■ WORK TO BE COMPLETED:
Restate all the data word for word and omit the pictures.

■ DATA SHOWN:
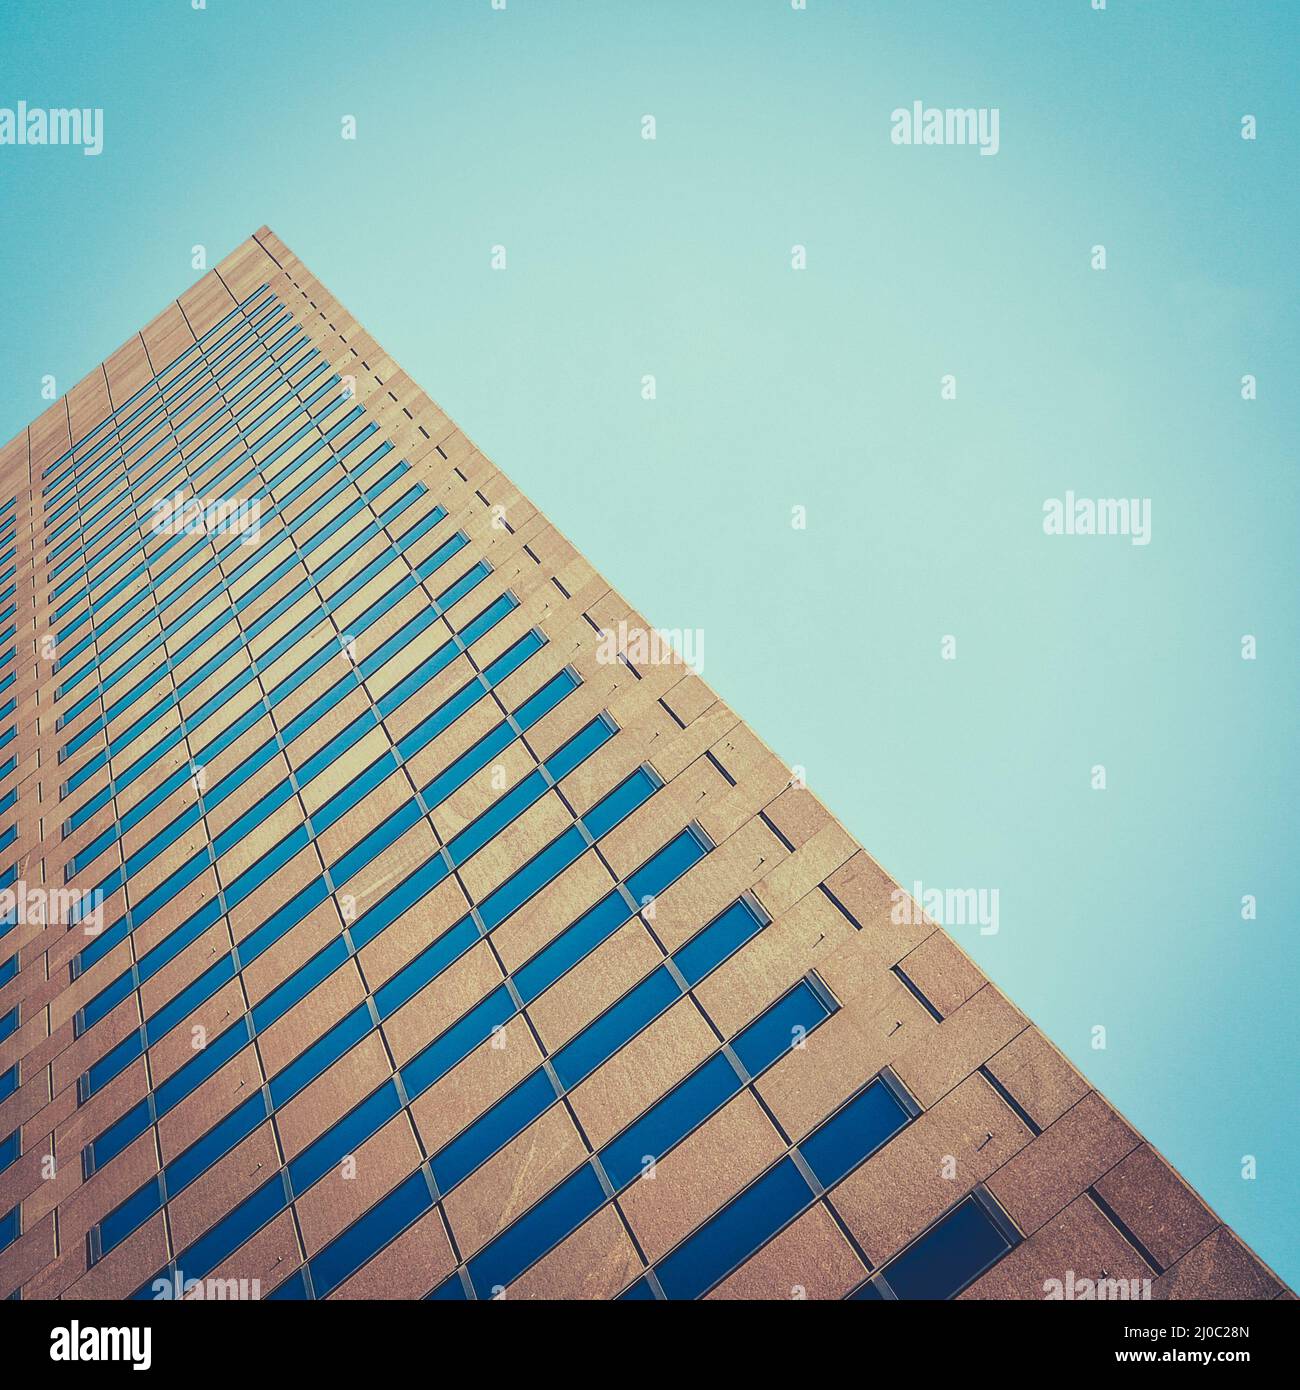 Diagonal Architecture Abstract Stock Photo
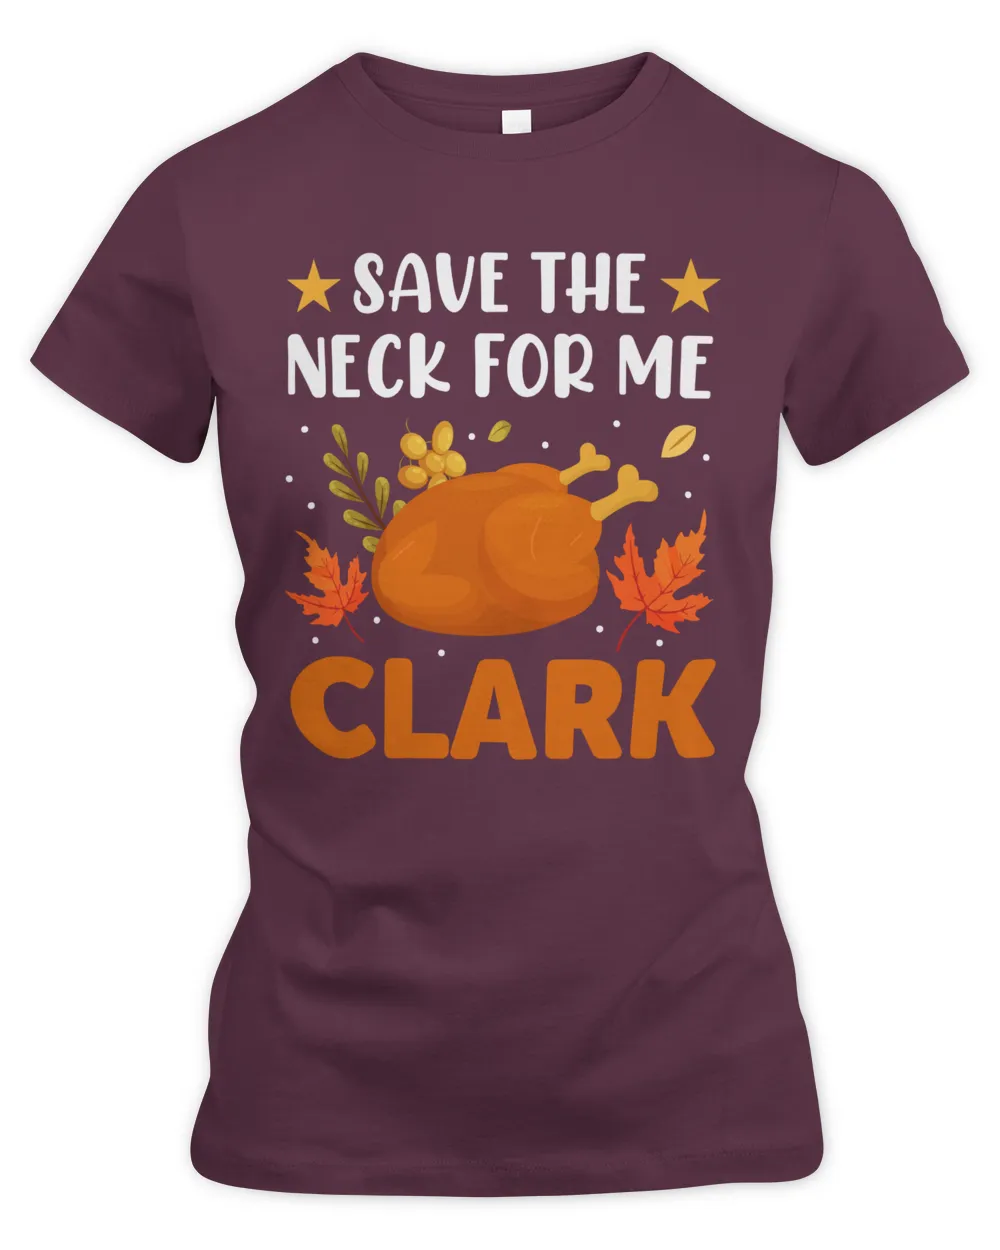 Save the neck for me clark
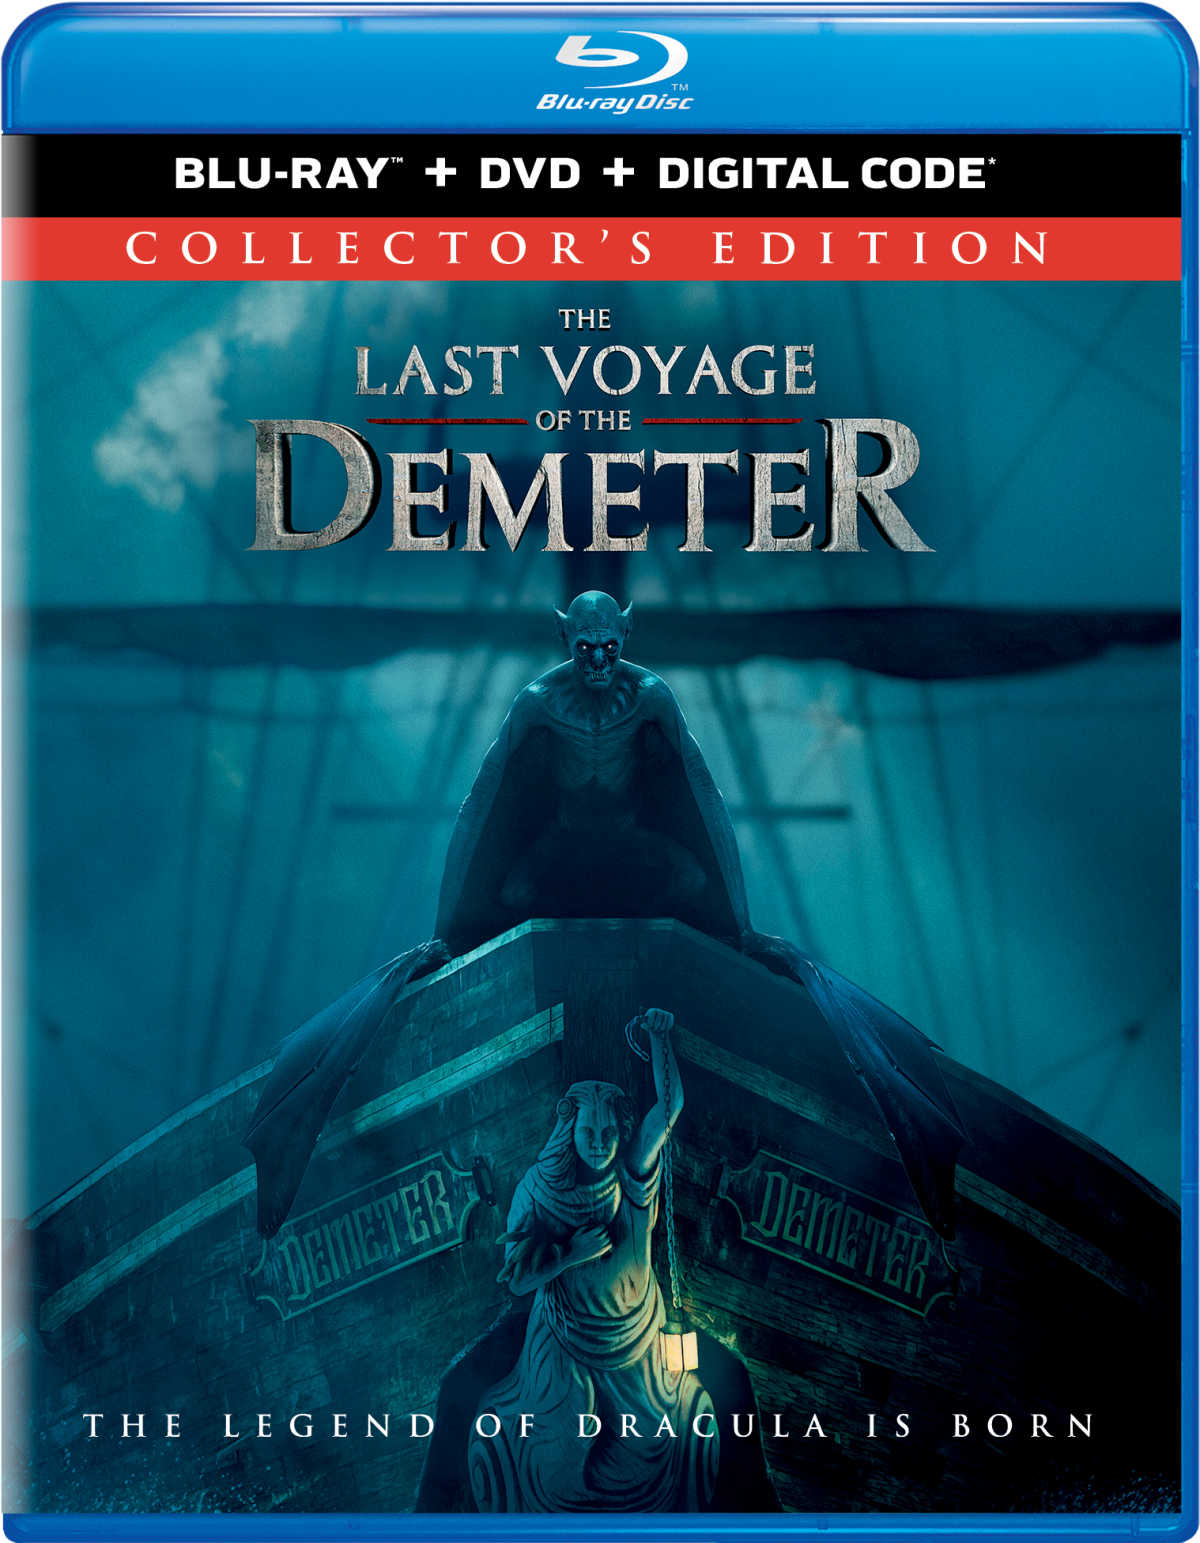 The Last Voyage of the Demeter is a must-see for fans of horror and Dracula. This unique and suspenseful film tells the story of the merchant ship Demeter as it carries a terrifying cargo across the ocean. With its solid story, R-rated scares, and faithful adaptation of the original Dracula novel, The Last Voyage of the Demeter is sure to please teen and adult horror fans alike.
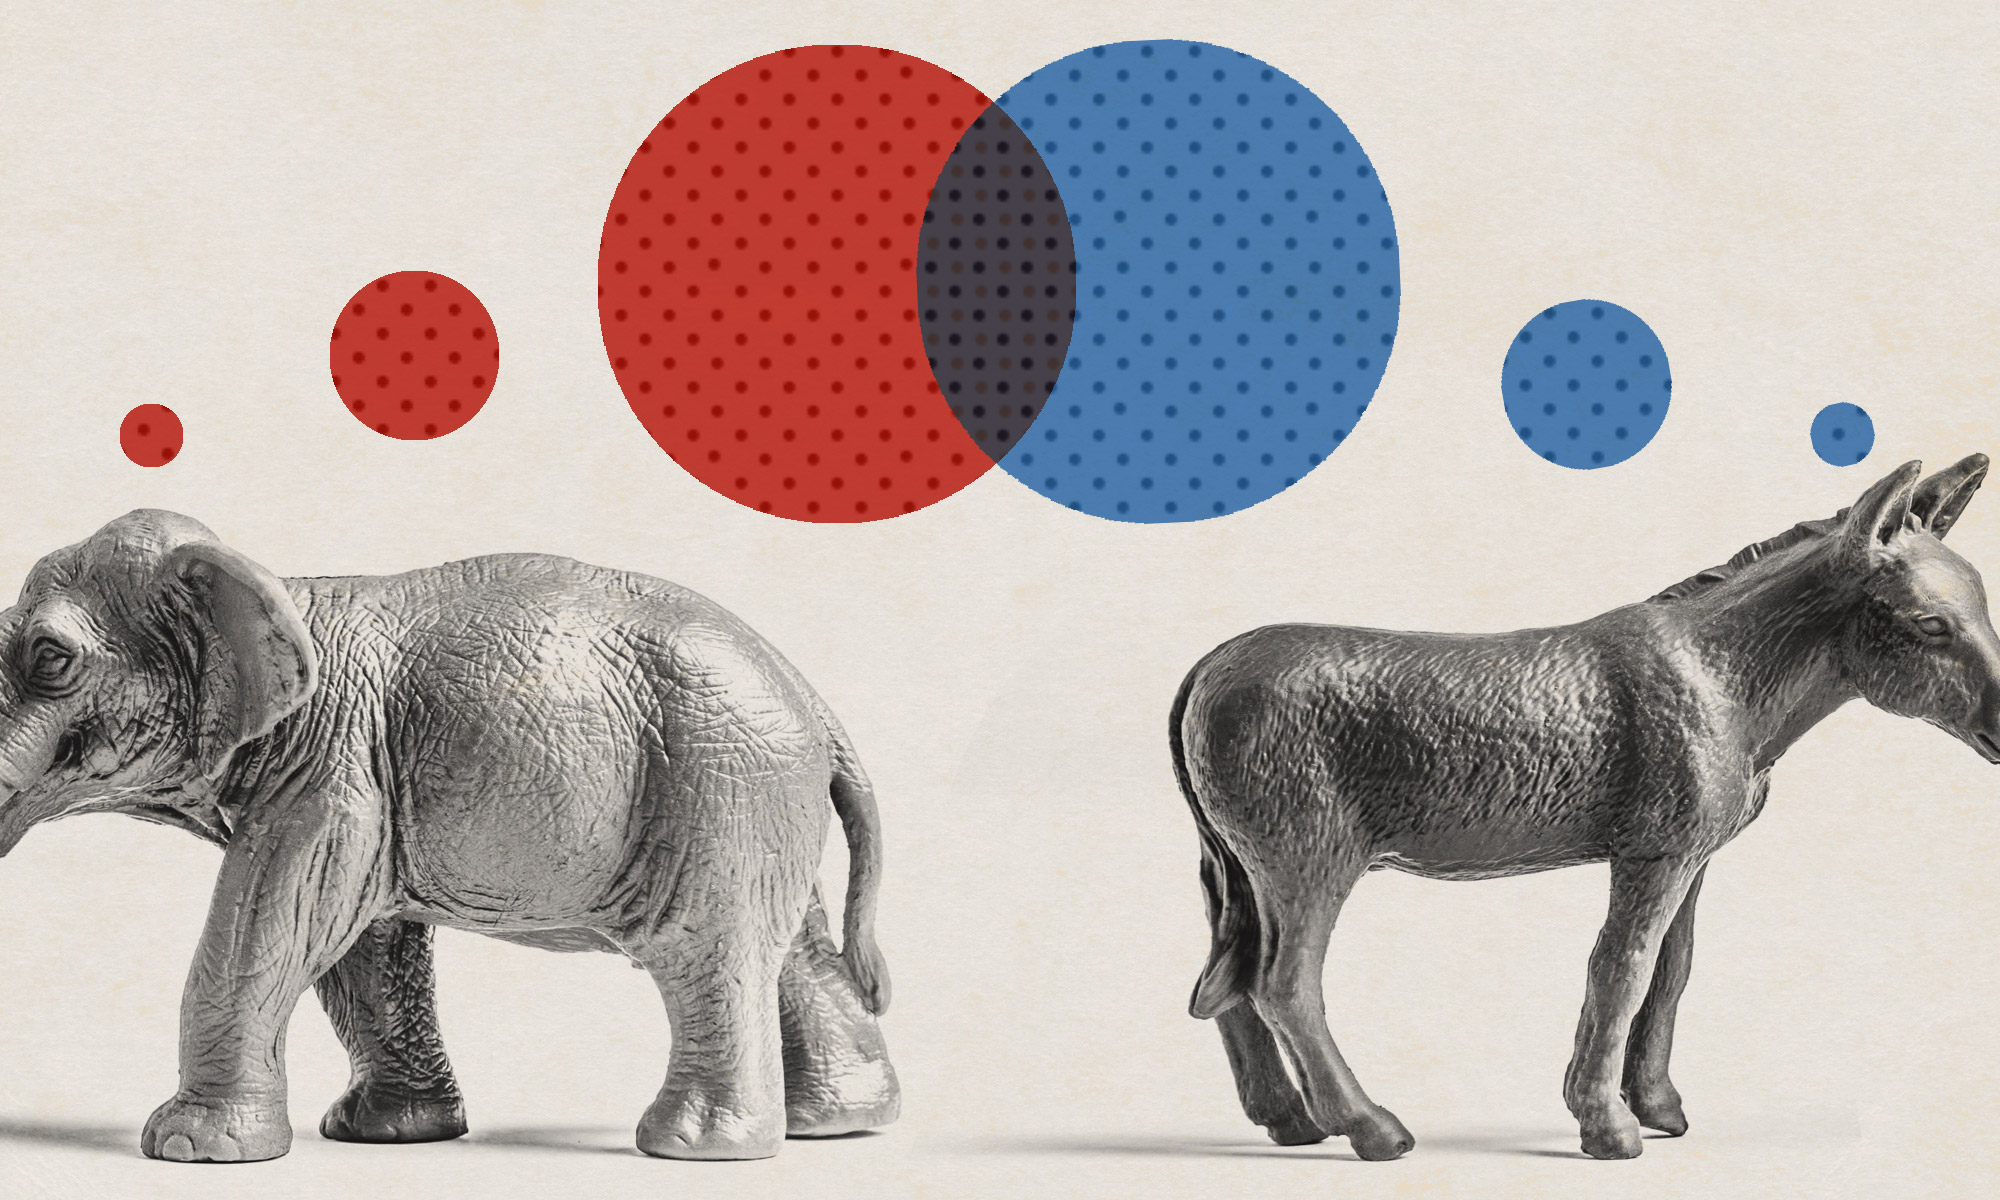 Conciencia donde quiera pista Yes, there's hope for an end to political polarization in the US

■ ANSWER TO THIS EXERCISE:
 Diagonal Architecture Abstract Stock Photo
 Save the neck for me clark
 The Last Voyage of the Demeter is a must-see for fans of horror and Dracula. This unique and suspenseful film tells the story of the merchant ship Demeter as it carries a terrifying cargo across the ocean. With its solid story, R-rated scares, and faithful adaptation of the original Dracula novel, The Last Voyage of the Demeter is sure to please teen and adult horror fans alike.
 Conciencia donde quiera pista Yes, there's hope for an end to political polarization in the US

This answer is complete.